Dito isto, que merecia, no mínimo ter ultrapassado o espaço do Parlamento e envolvido a certificação prévia de uma comissão com clínicos, sociólogos, ex-toxicodependentes, psicólogos e estudos estatísticos comparativos e exaustivos entre países com um e outros regimes (falo da liberalização), retorno à questão da interdição (e criminalização) do consumo na via ou em espaços públicos.
Situando-me num espaço ideológico que, infelizmente, maioritariamente vai contra o que digo, isso não me afecta. As minhas posições, mesmo políticas, são as que são mediante a minha consciência e circunstâncias e não sobre "cartilhas" ou tendências de época. Mas, nesse caso, sobressaem ainda mais as éticas, cívicas e de munícipe. Nesta matéria chamem-me conservador, que agradeço. Também o serei em relação ao "direito" indiscriminado de compra e posse de armas de fogo ou armas brancas. Estas, onde são de venda livre, vê-se o que originam. Ser contra a venda liberalizada de armas letais (e a droga também é muitas e muitas vezes, tal como nem todas as armas são de uso criminal) e a favor de outra, confesso, faz-me confusão ou traz confuso quem assim pensa.

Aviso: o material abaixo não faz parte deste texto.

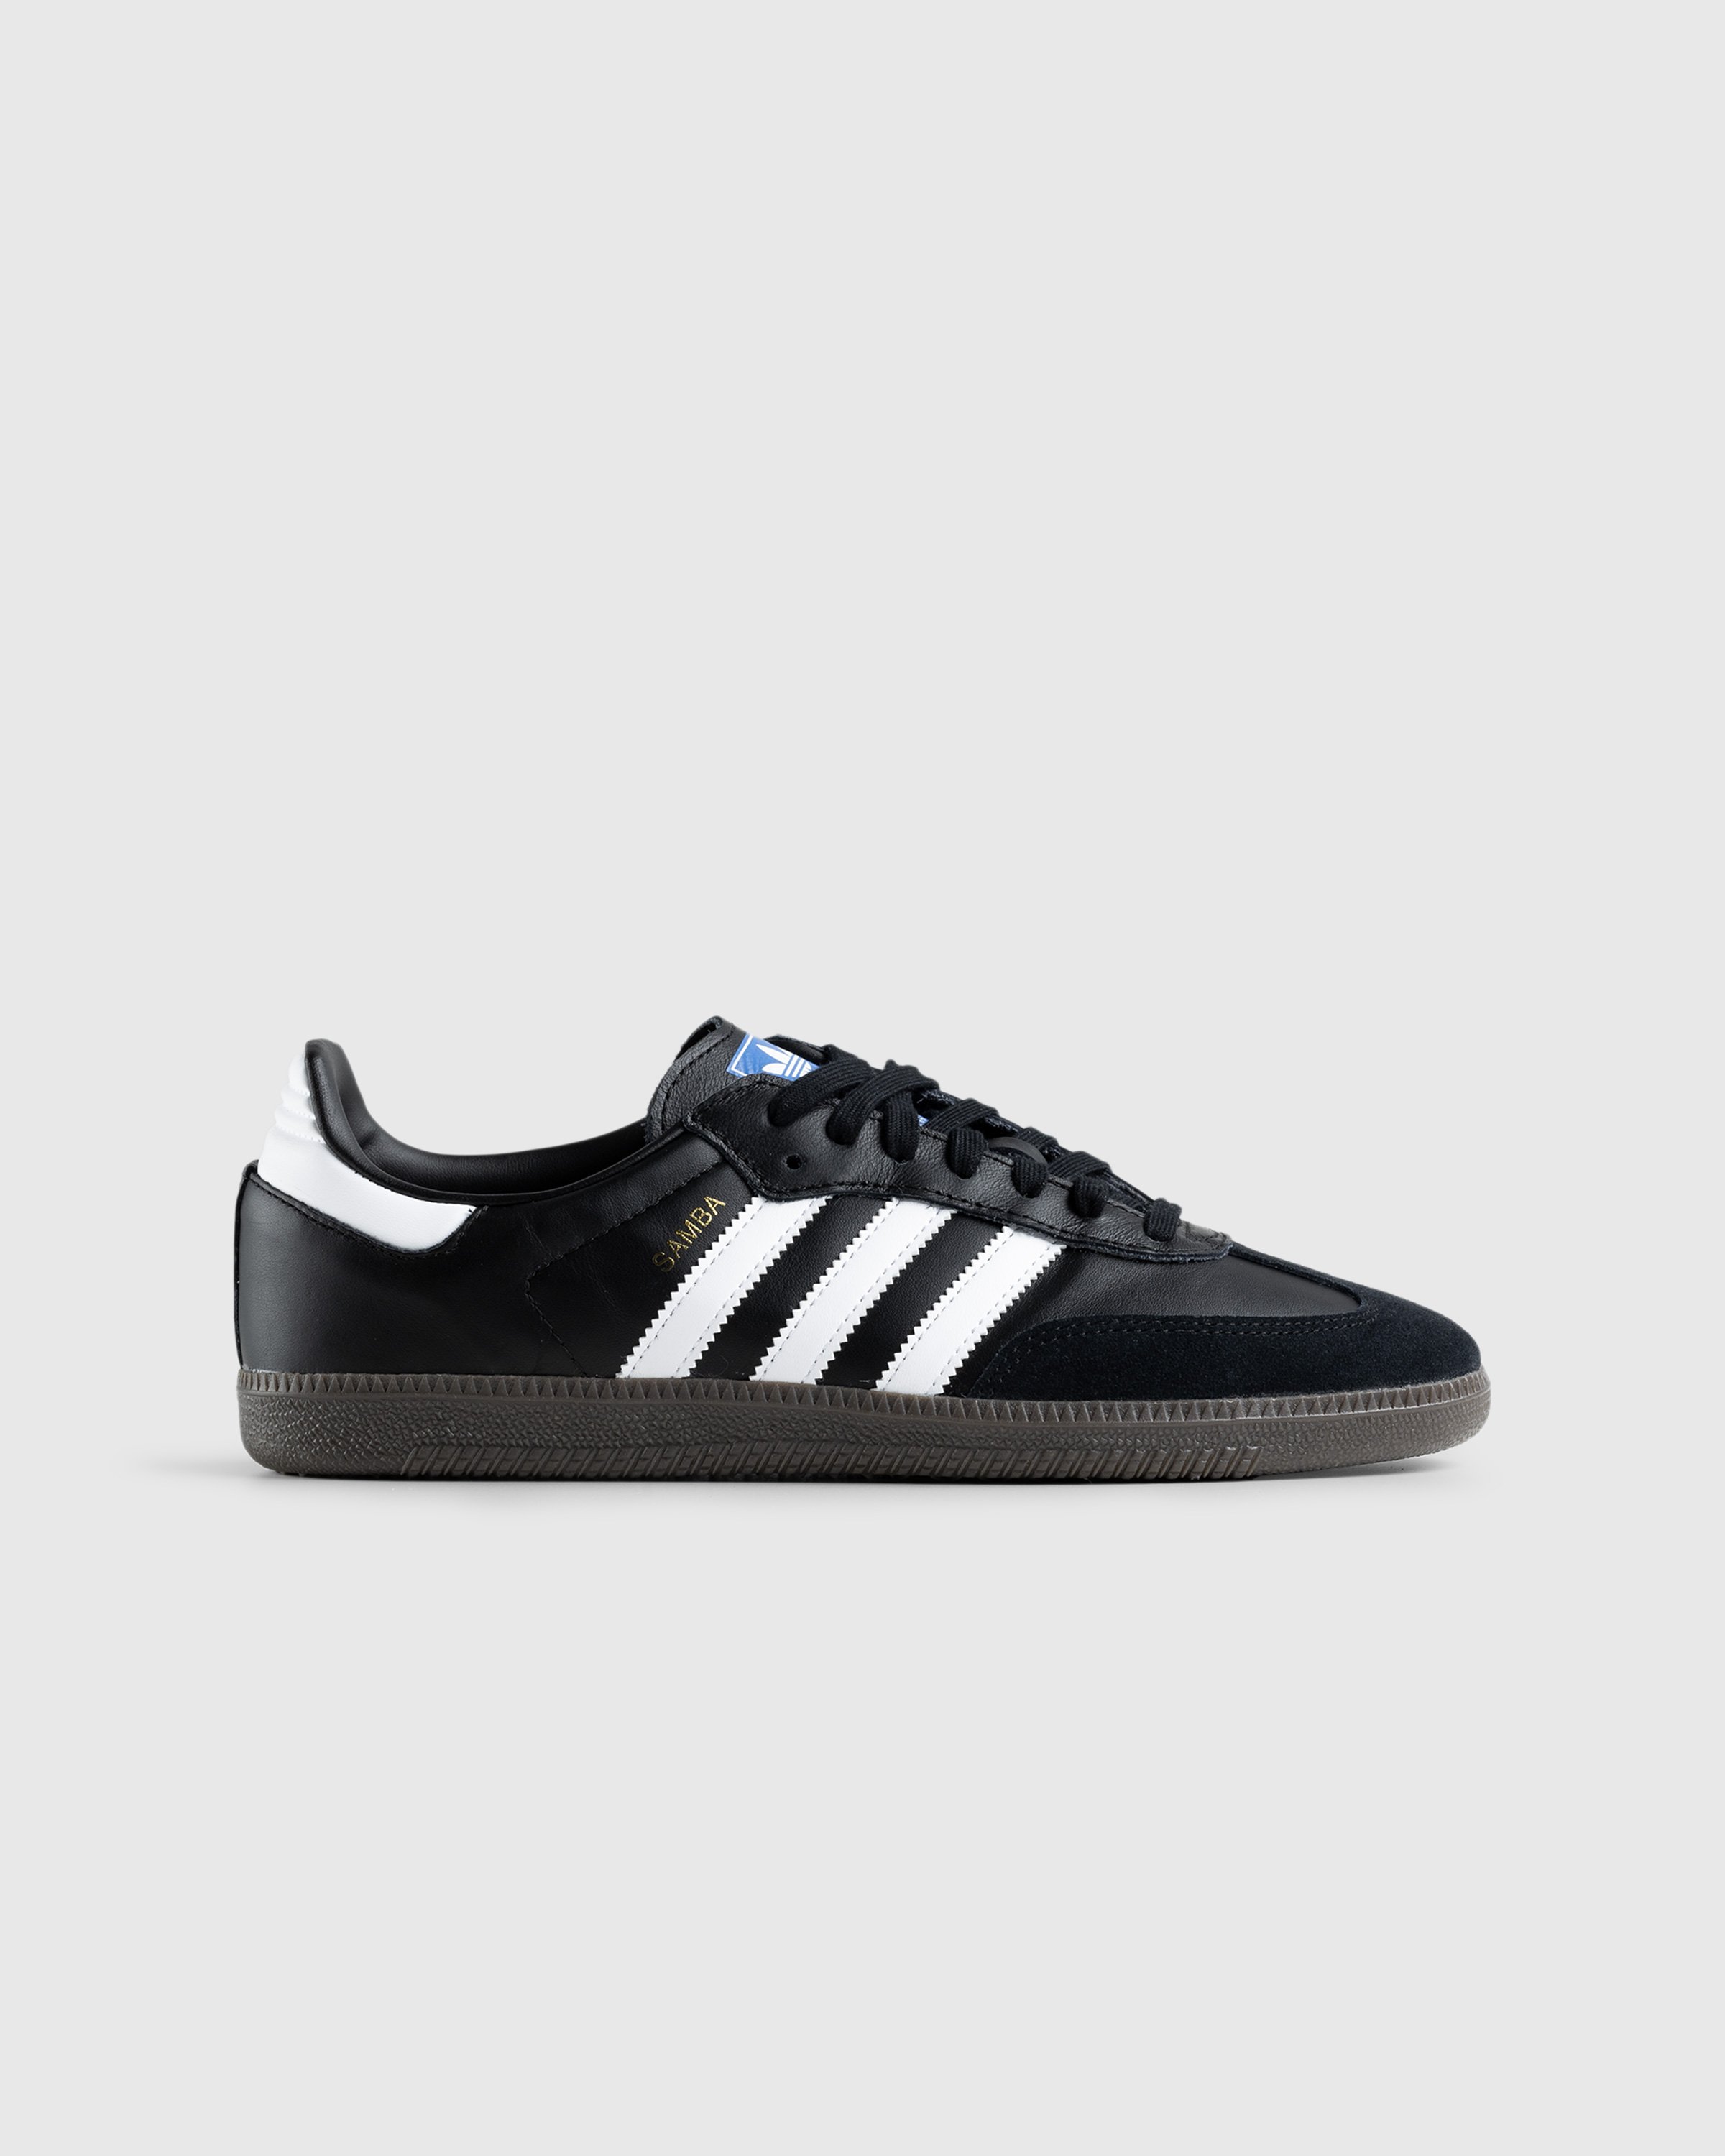 Adidas - Samba OG Black/White/Gum - Footwear - Black - Image 1

De qualquer forma, no "meu" Porto, gostaria de não ter que topar (eu e menos ainda os menores) com o uso no espaço público de substâncias psicotrópicas e muito menos de entulho de seringas, quiçá contaminadas, venda do "produto" e "chagas sociais" arrastando-se pelas ruas num péssimo exemplo para a (natural) atracção da adolescência pela transgressão. Quero viver numa cidade limpa. Disso e muito mais. Mas disso também.